I am reading 'Green, Brown & Probability' by Kai Lai Chung, and on chapter 5 (Markov Property) page 30, it says that the Markov property DOES NOT says that for $T=2$,

$P\big(3.14< \lvert X_3 \rvert <3.15 \big| 3<\lvert X_1 \rvert<4 , 3.1 <\lvert X_2 \rvert< 3.2 \big)=P\big(3.14< \lvert X_3 \rvert <3.15 \big| 3.1 <\lvert X_2 \rvert< 3.2\big)$

'namely that the past $3 < \lvert X_1 \rvert < 4$ may well have an after- effect on the future when the present \X2\ is given as shown'.

But I don't see it, is this related to independence of increments?

Answer 1

This has nothing to do with independent increments. The Markov property works when we have an equality assumption for the "present", e.g. $$P(X_3\in A\mid X_2 = x, X_1\in B) = P(X_3\in A\mid X_2 = x). $$ However, when there is a range of values, as in your question, it is possible that the condition on the "past" value $X_1$ makes some particular values of the "present" $X_2$ more probable.

For example, let $X$ be a Poisson process.
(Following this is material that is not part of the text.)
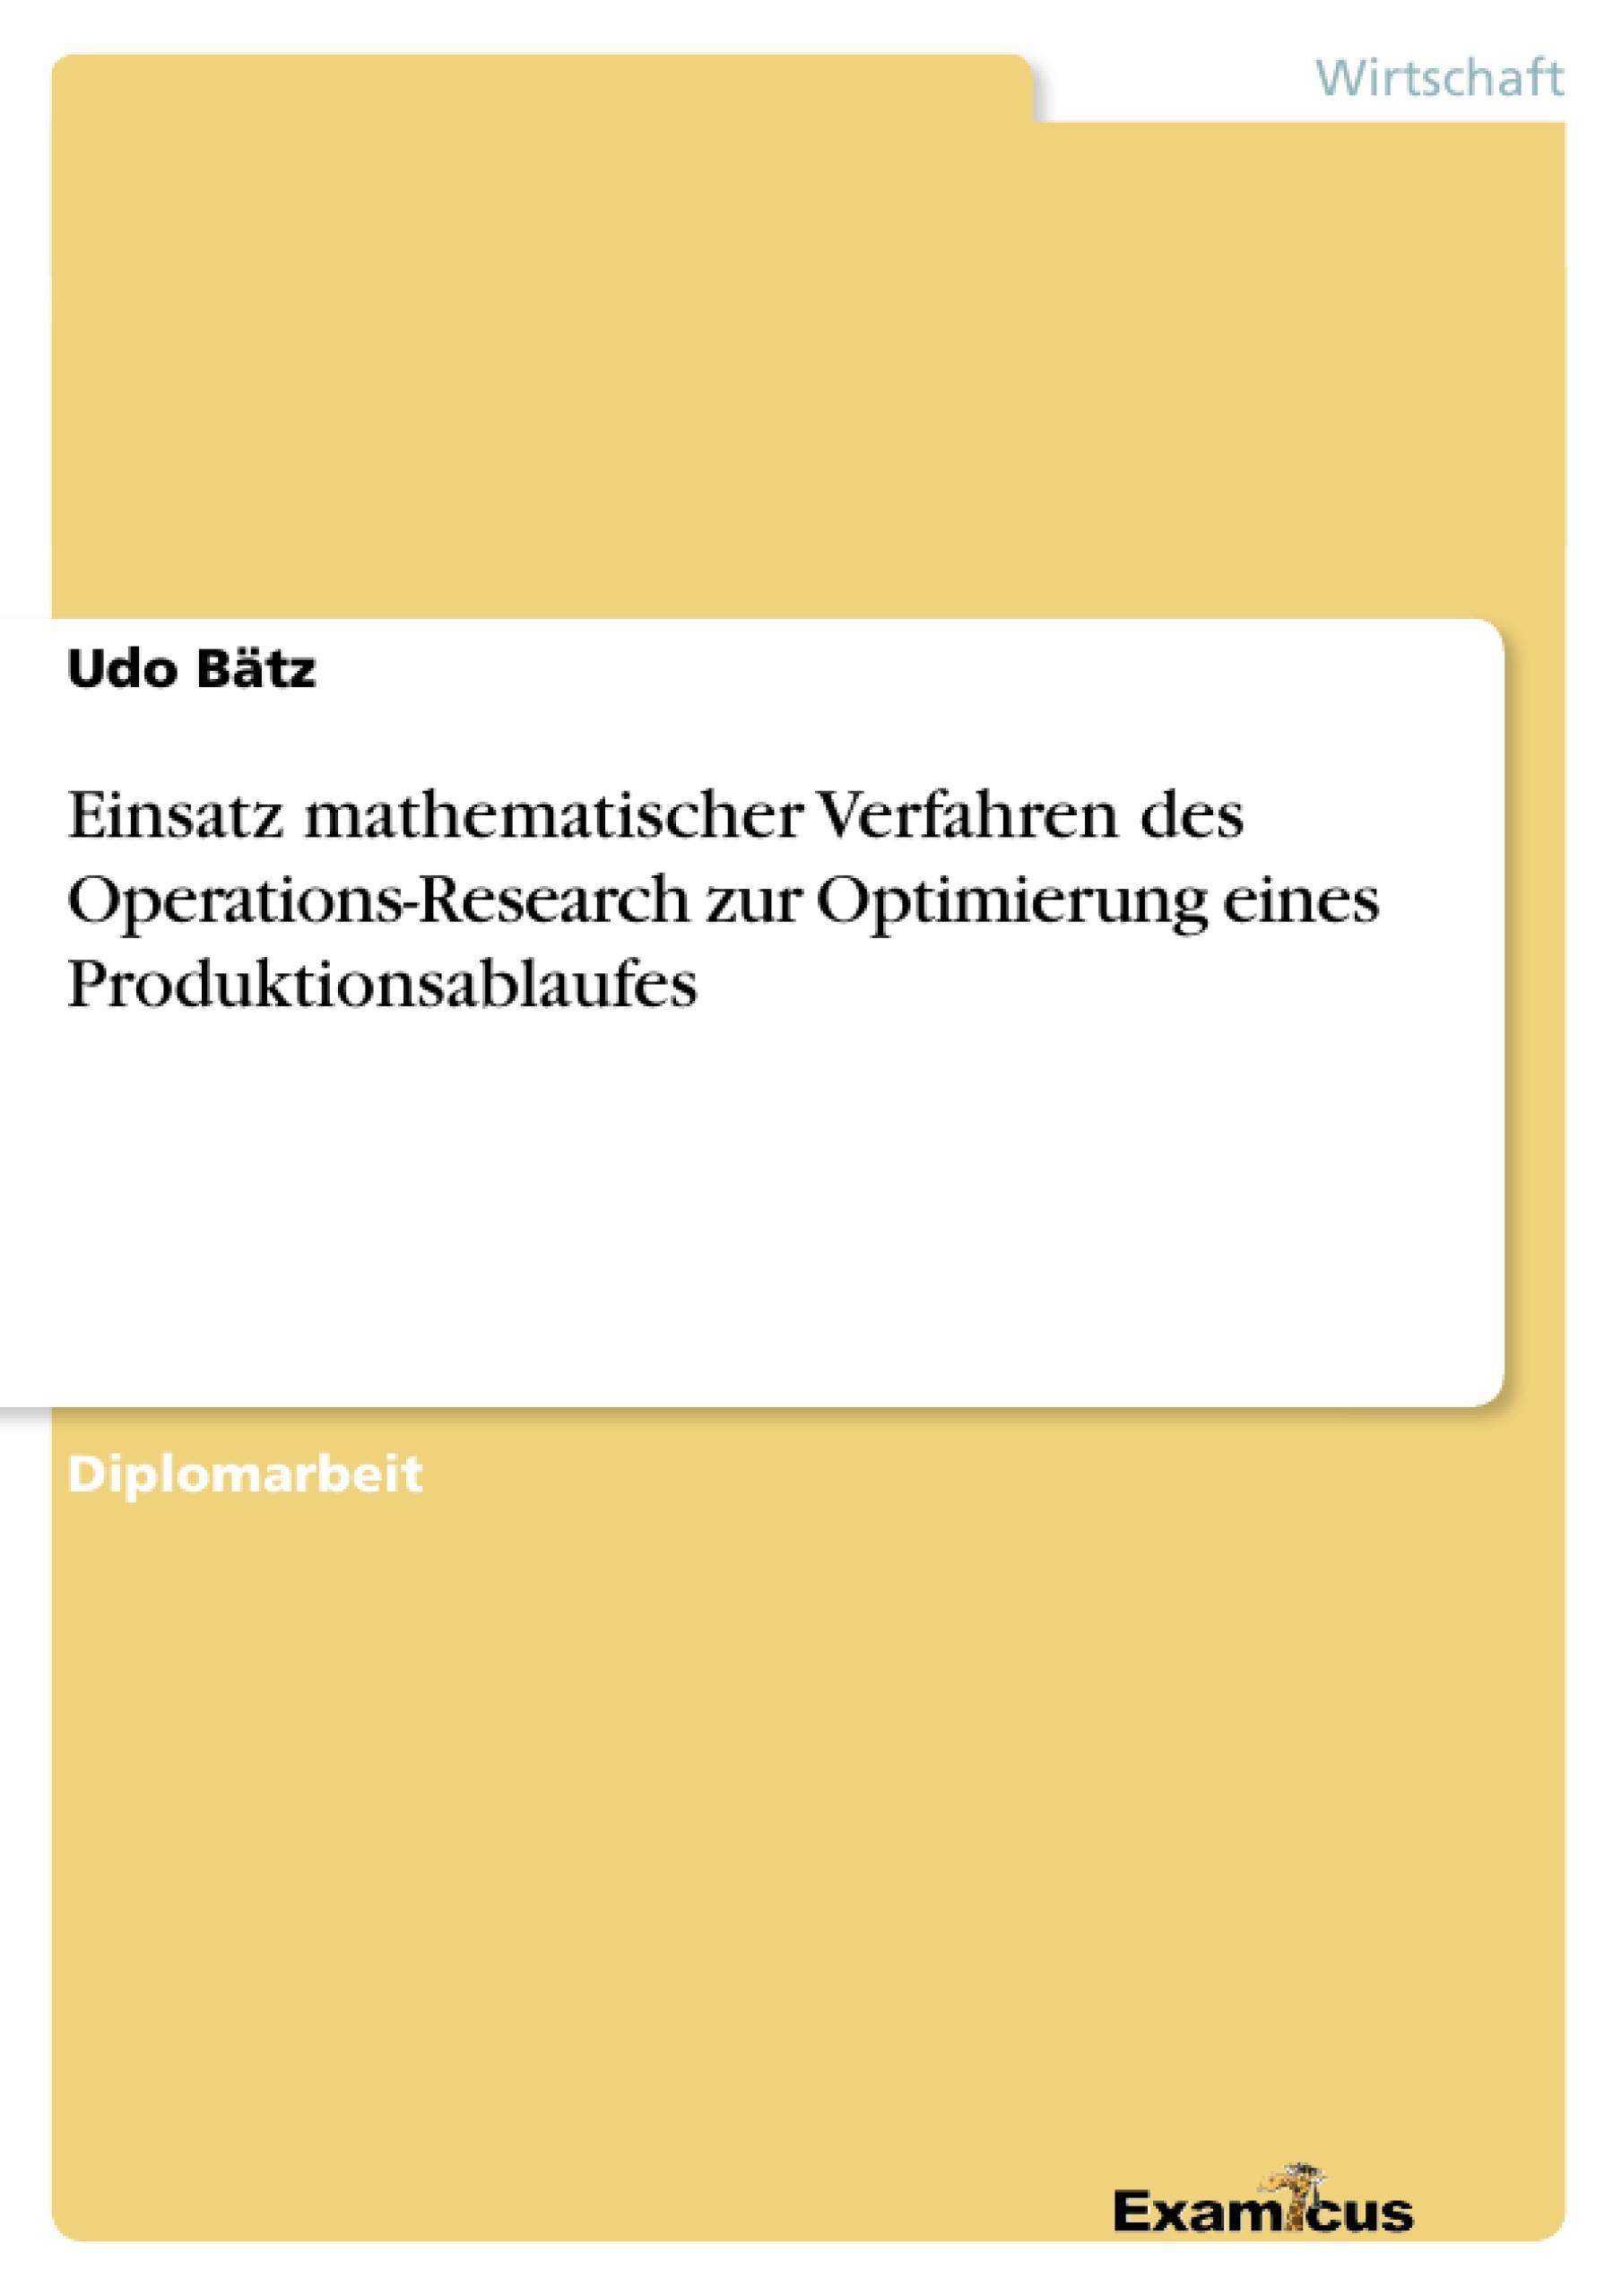 Titel: Einsatz mathematischer Verfahren des Operations-Research zur Optimierung eines Produktionsablaufes

Consider e.g. the probability $$ P(X_3 \in\{100,50\}\mid X_2\in\{100,1\}, X_1>50). $$ Clearly, it is equal to $$ P(X_3 \in\{100,50\}\mid X_2=100, X_1>50) = P(X_3 =100\mid X_2=100) = e^{-1}. $$ On the other hand, the conditional probability $$ P(X_3 \in\{100,50\}\mid X_2\in\{100,1\}) $$ is close to $P(X_3 \in\{100,50\}\mid X_2=1)$ (since $X_2=100$ is highly unlikely) and is extremely small. Consequently, $$ P(X_3 \in\{100,50\}\mid X_2\in\{100,1\}) \neq P(X_3 \in\{100,50\}\mid X_2\in\{100,1\}, X_1>50). $$

Answer 2

As a more extreme example, if $S$ denotes the state space, the Markov property does not assert that $$P(X_3\in A\mid X_2\in S, X_1\in B)=P(X_3\in A\mid X_2 \in S)\ ;$$ the LHS is the conditional probability $P(X_3\in A\mid X_1\in B)$, while the RHS is the unconditional probability $P(X_3\in A)$; these need not be equal. OTOH the Markov property does assert $$P(X_3\in A\mid X_2=x, X_1\in B)=P(X_3\in A\mid X_2=x)$$ for each $x$, as remarked by @zhoraster.